■ TASK DIRECTIONS ■
Look below for the line that contains "Midcentury Italian Patinated" and the line that contains "Sculpted from patinated", then restate both of them and every line in between, exactly. No picture goes in the copy.
··· PROVIDED INFORMATION ···
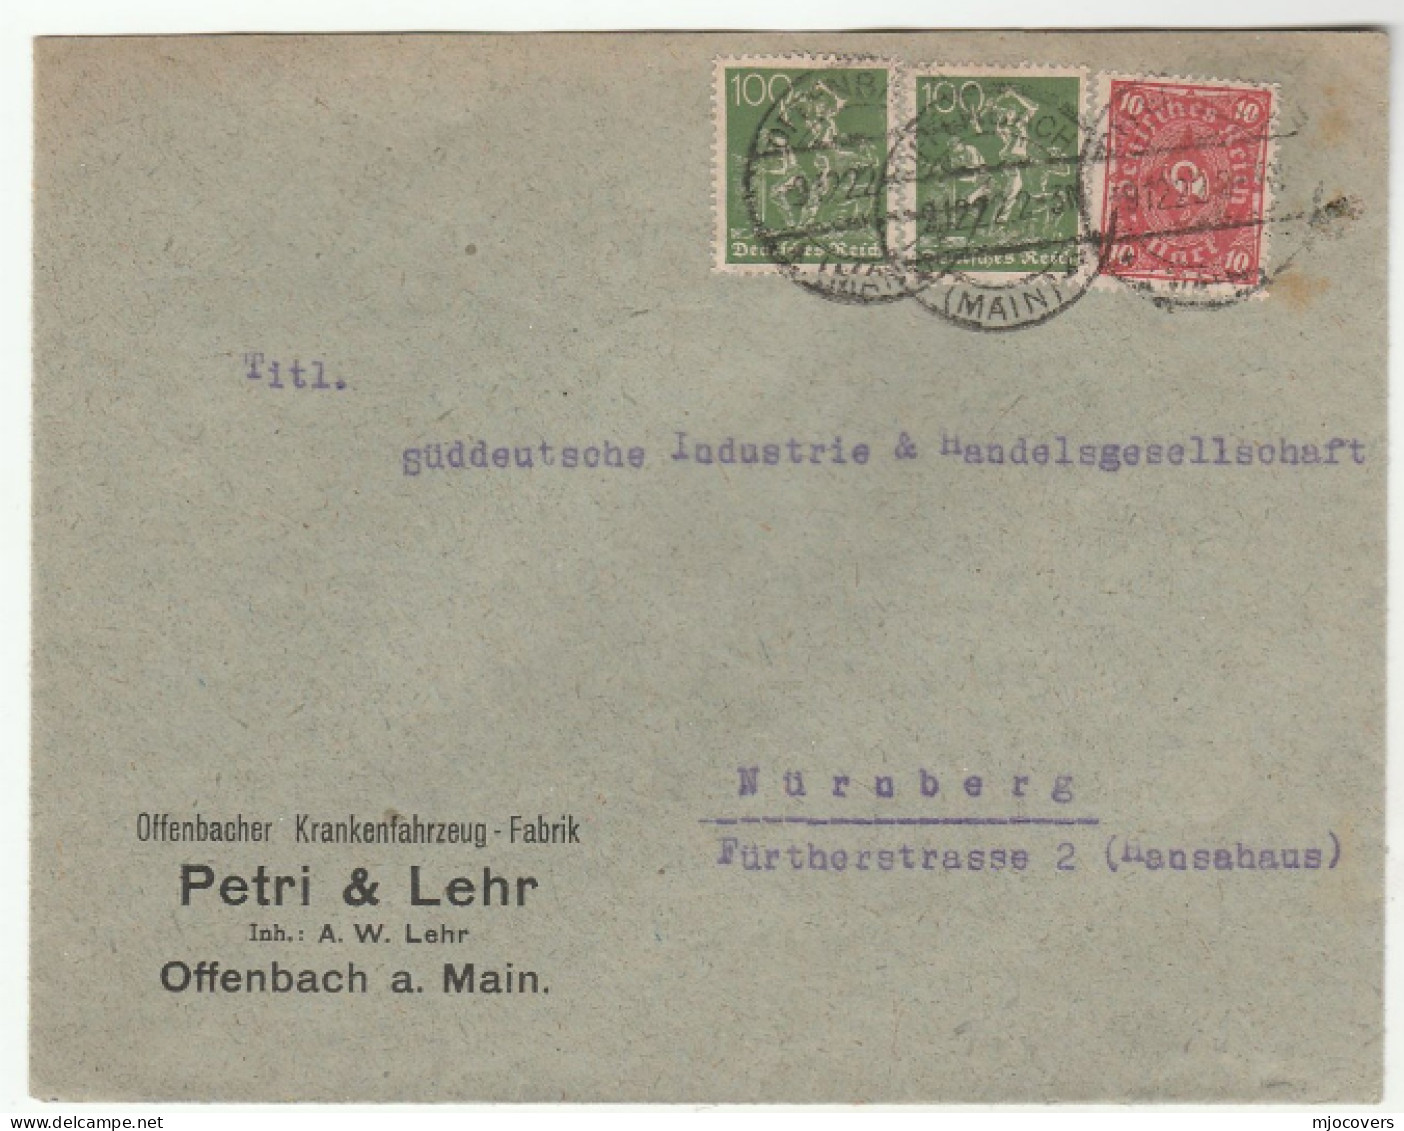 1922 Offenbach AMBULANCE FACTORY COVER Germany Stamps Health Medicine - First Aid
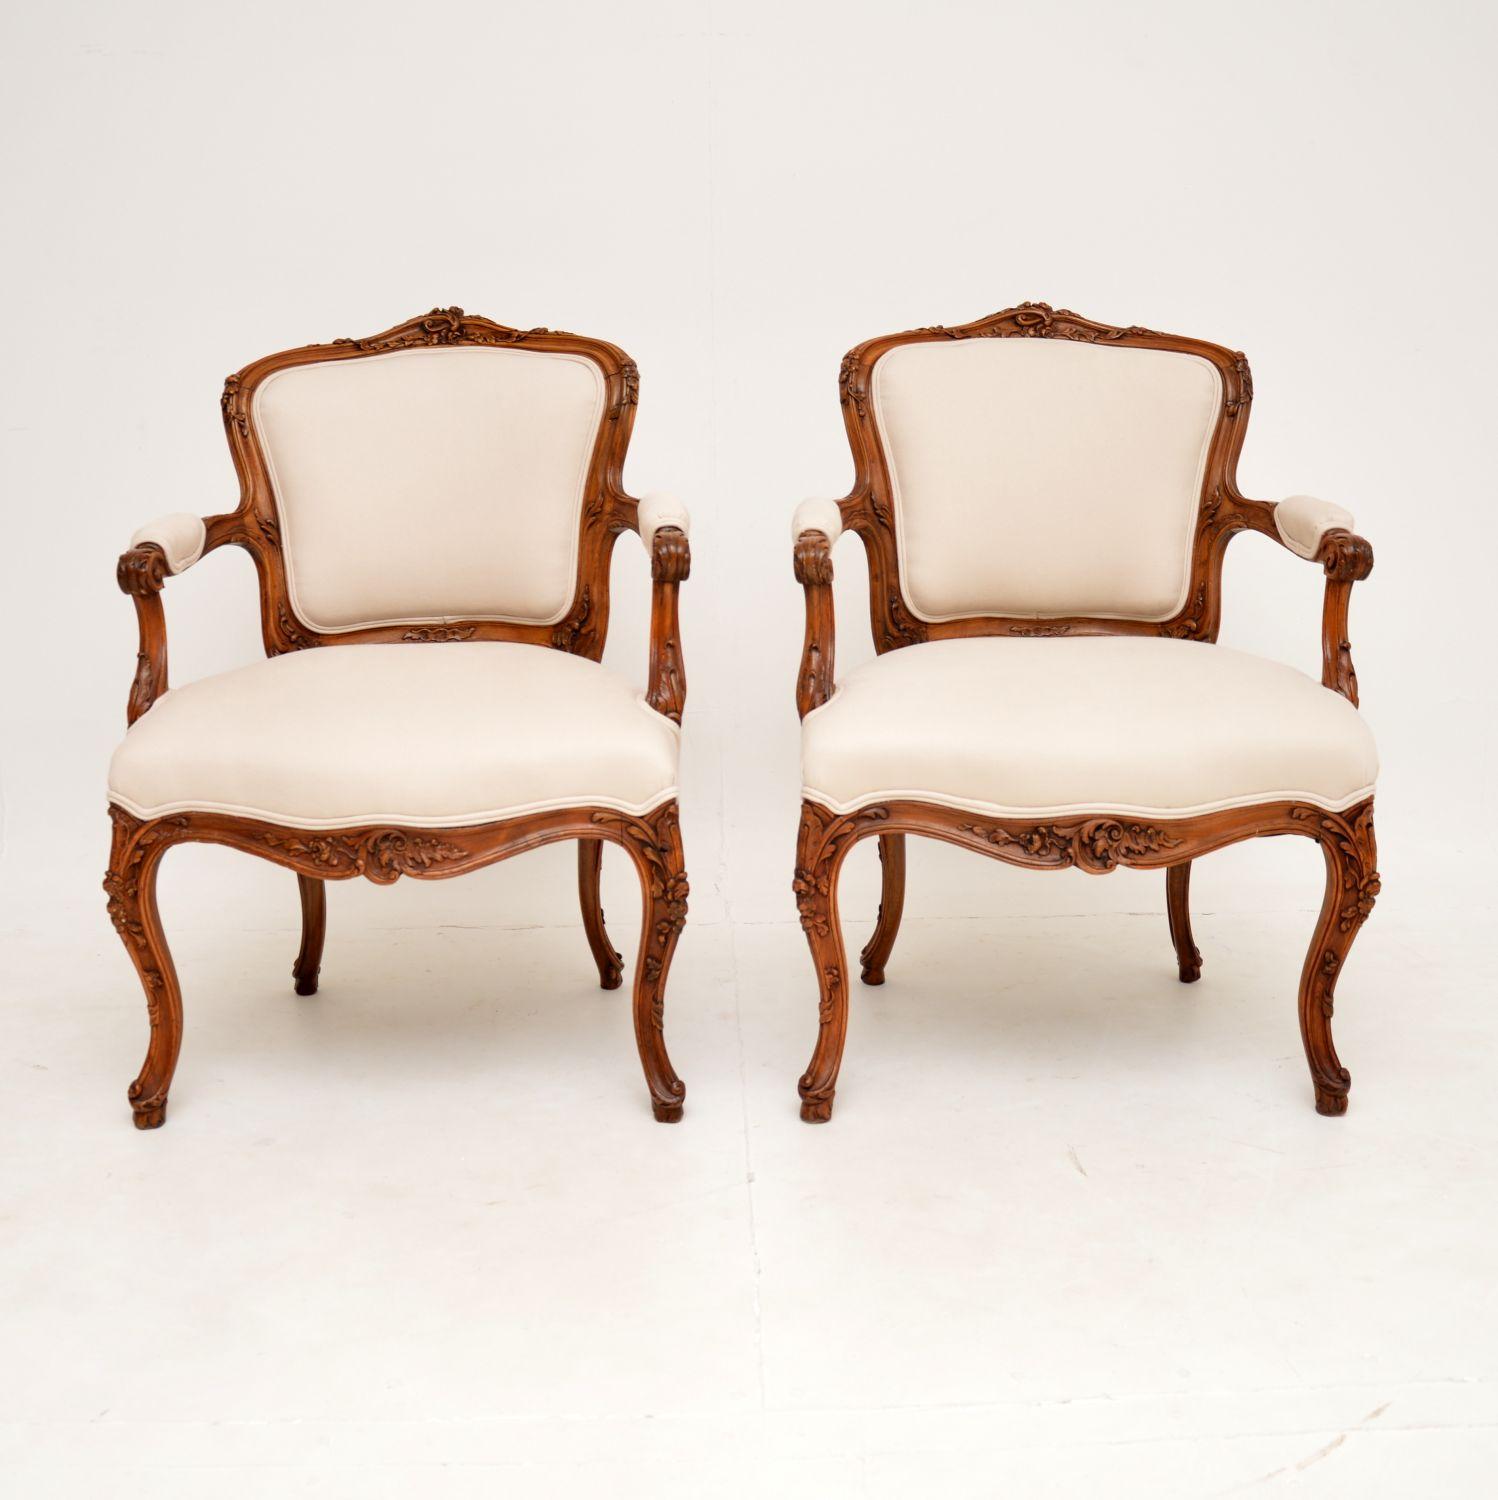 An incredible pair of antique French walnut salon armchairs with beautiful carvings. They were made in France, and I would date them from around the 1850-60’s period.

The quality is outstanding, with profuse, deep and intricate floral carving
···
··· PROVIDED INFORMATION ···
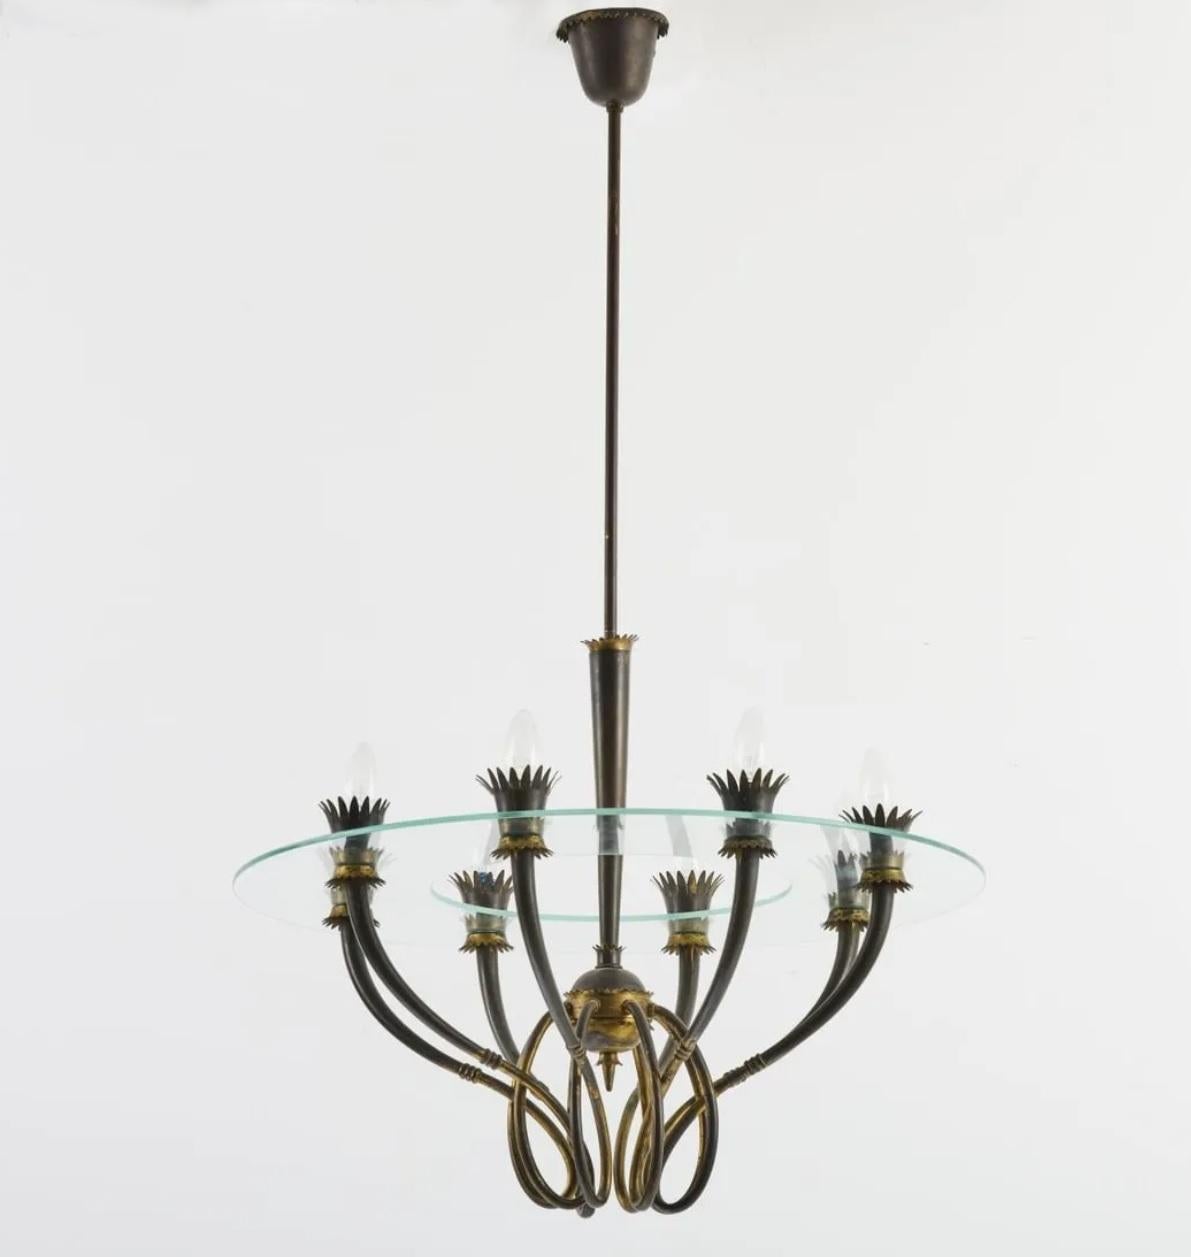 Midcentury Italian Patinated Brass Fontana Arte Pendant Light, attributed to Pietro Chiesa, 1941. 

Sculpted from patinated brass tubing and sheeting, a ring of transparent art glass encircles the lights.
···
■ REPLY ■
 Midcentury Italian Patinated Brass Fontana Arte Pendant Light, attributed to Pietro Chiesa, 1941. 

Sculpted from patinated brass tubing and sheeting, a ring of transparent art glass encircles the lights.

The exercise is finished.